We draw on social comparison theory and its derivatives, such as competition theory, to explain how the members of both high power-level and high power-dispersed teams develop power sensitivity. Social comparison theory postulates that people have the tendency to self-evaluate by comparing themselves to others on the dimensions that are important to them. Based on such social comparisons, people consequently become concerned with achieving and maintaining a superior position on such dimensions. We argue that especially in teams where at least one member has power, power becomes an important comparison dimension for members, thereby fostering members to continuously compare their power position in the team with that of other members. These social comparison processes around power in turn, are expected to make members very sensitive to the intra-team distribution of resources more generally, and their own power position within the team more specifically.
We now discuss how each individual power role within both high power-level and high power-dispersed teams can lead to team-level power sensitivities via social comparison. First, in high power-level teams, all members have high power, and therefore greatly value power and are highly vigilant in seeking to retain their power. When the other members in the team also have high-power, this can be threatening for high-power members, as other high-power members can be expected to be power-hungry (as well) and quick to lash out. This can lead members to be paranoid - a common occurrence in organizations, where members experience a heightened and exaggerated state of distrust and suspicion. Indeed, paranoia is most likely to emerge in situations with high social uncertainty. Such uncertainty exists when multiple high-power members interact, as other members worry about their standing vis-à-vis their high-power teammates, who value power as much as themselves and are likely to act to protect and promote their own individual power positions. This can lead members of high-power teams to be highly sensitive, or reactive, to any mention of power in the team. Indeed, Spataro, Petit, Sauer, and Lount found that high-power peers are extremely sensitive to each other's behavior.
In high power-dispersed teams, teams are also likely to be sensitive to power, albeit for slightly different reasons. In high-power teams, two key power roles exist - high power individuals and low(er) power individuals. High power individuals working with low power individuals may not have the same level of paranoia as those working with other high power individuals, but they will still exhibit the hallmark tendencies of powerful individuals. This means that high power individuals working in teams with low power individuals (i.e., high power members in high power dispersed teams) call the shots in the team, and are therefore in a very privileged position. They receive, for instance, higher decision-making authority, and more control and recognition. Although high power individuals make pleasurable downward social comparisons in their teams (as they hold the more favorable position), the downside is that such favorable comparisons amplify the perception of one's valued position, and makes one even more afraid to lose it. Indeed, an abundance of research shows that high power individuals are easily threatened in their position. Therefore, high power individuals tend to be cautious of lower power individuals, and try to keep them at a distance. This makes high power individuals in power-dispersed teams quite sensitive to power and quick to react on any potential perceived power dynamics in their teams.

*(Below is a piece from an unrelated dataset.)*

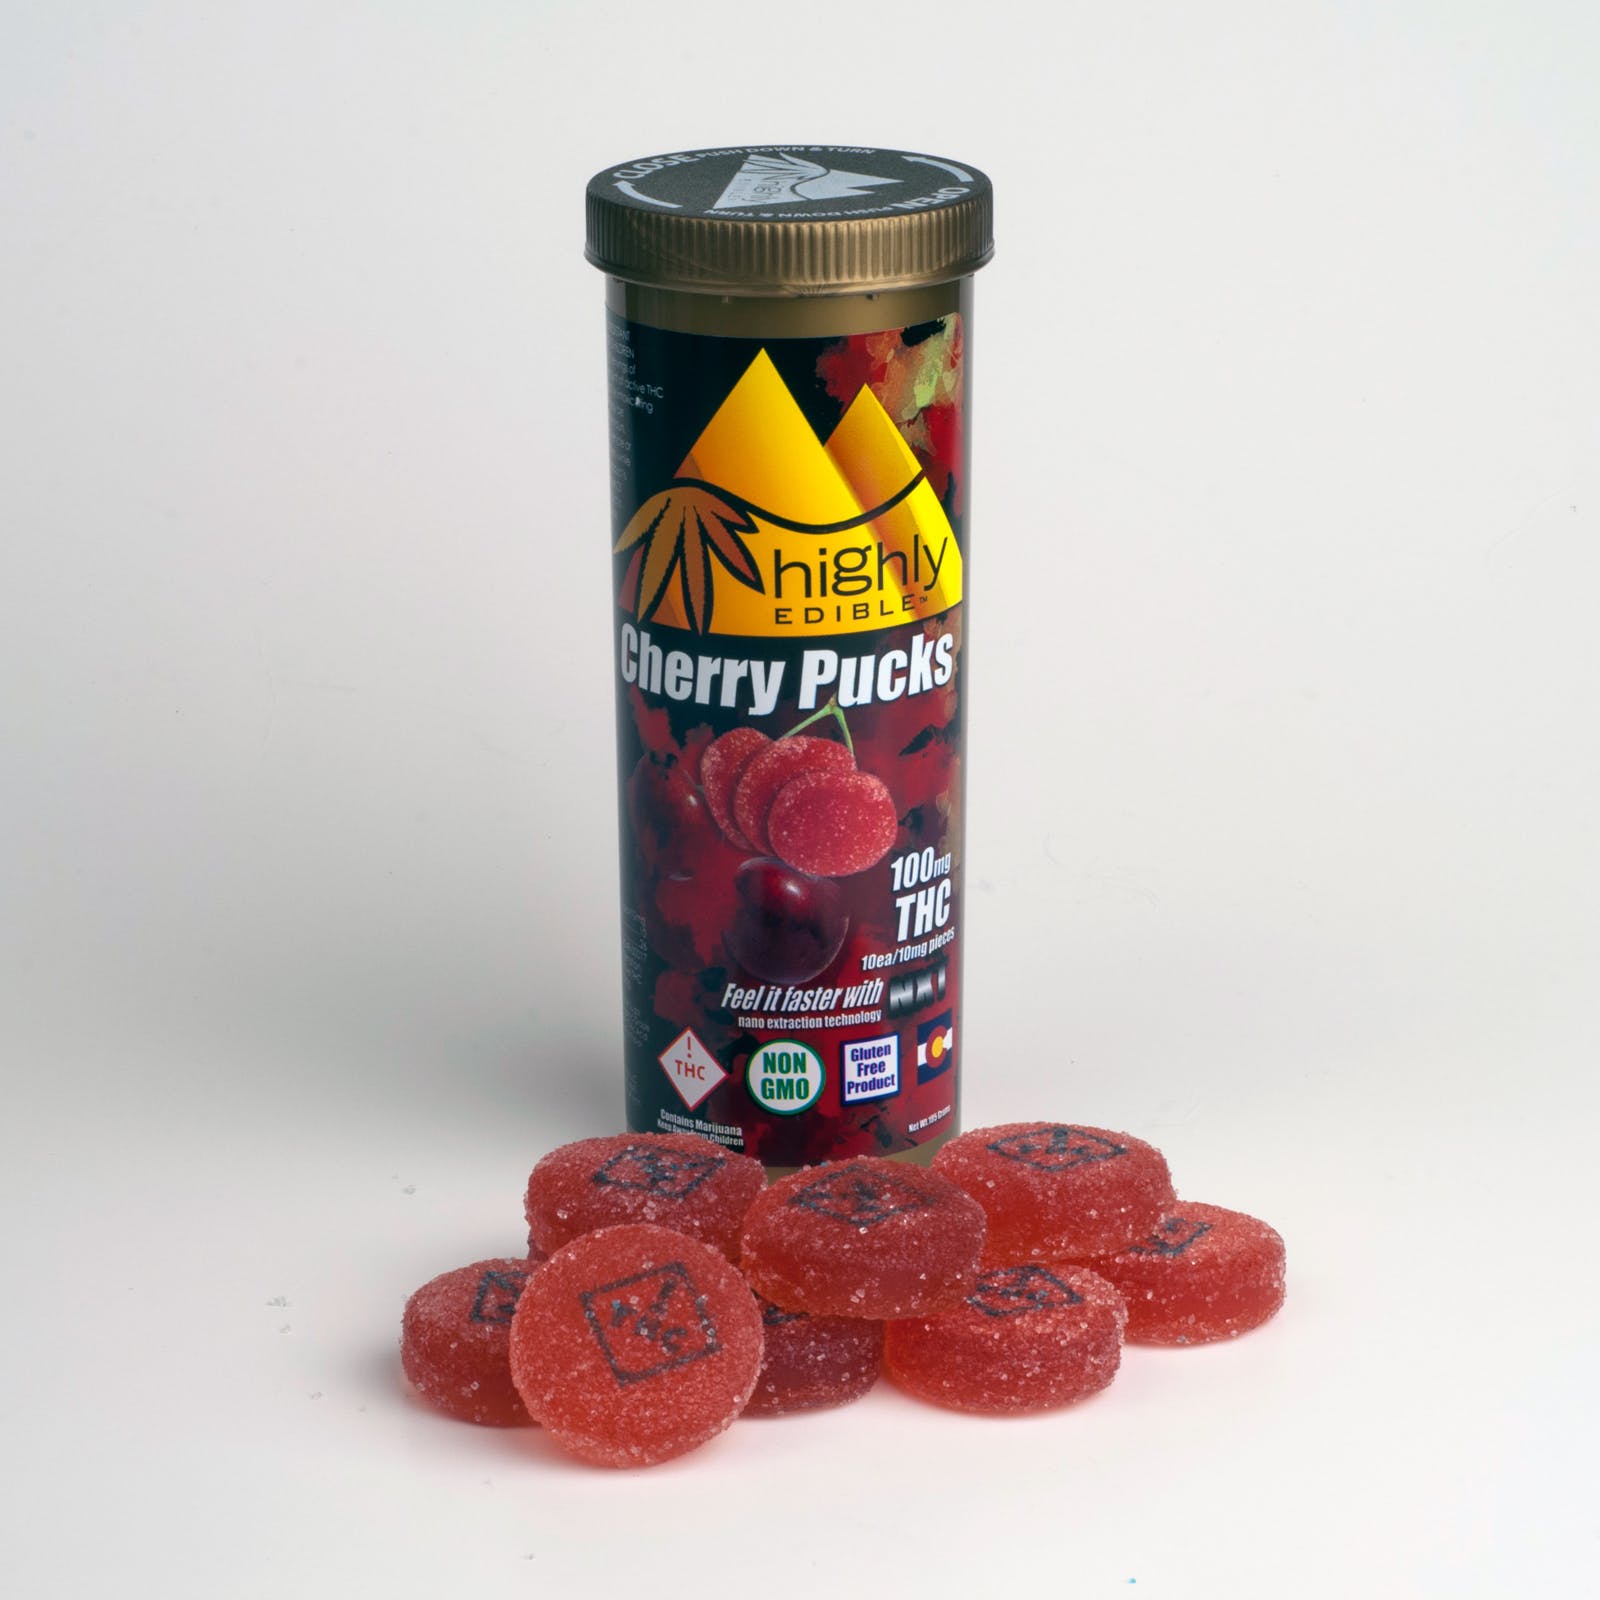 Highly Edible Gummies 250mg- Cherry Pucks (Tax Included)

Low(er) power individuals working in teams with high power individuals (i.e., low power individuals in high power dispersed teams) have little to no decision authority within the team, and are therefore in an underprivileged and vulnerable position. While researchers have argued that low power individuals tend to justify the power dispersed system that they are part of, and as such do not necessarily rebel against it, this does not mean that low power individuals are unaware of or happy with their deprived position in the team. Indeed, low power individuals do socially compare their power position with that of other members, which can result in painful upward social comparisons, that reminds them of all the benefits they lack and the vulnerable position they are in. Indeed, low power individuals are dependent on high power individuals for their rewards and punishments, and high-power individuals may decide to use this power to their own advantage, thereby neglecting or even mistreating low power individuals. As a result, low power individuals in power-dispersed teams are likely to make upward social comparisons, due to the benefits they see that high power individuals have in the team, making them very cognizant of the inequity of their team's power structure and their vulnerability within it. Therefore, in power-dispersed teams, all members – the lone high-power member or the other low power members – are sensitive to power, albeit for different reasons, and this leads the team as a whole to have a high level of power sensitivity.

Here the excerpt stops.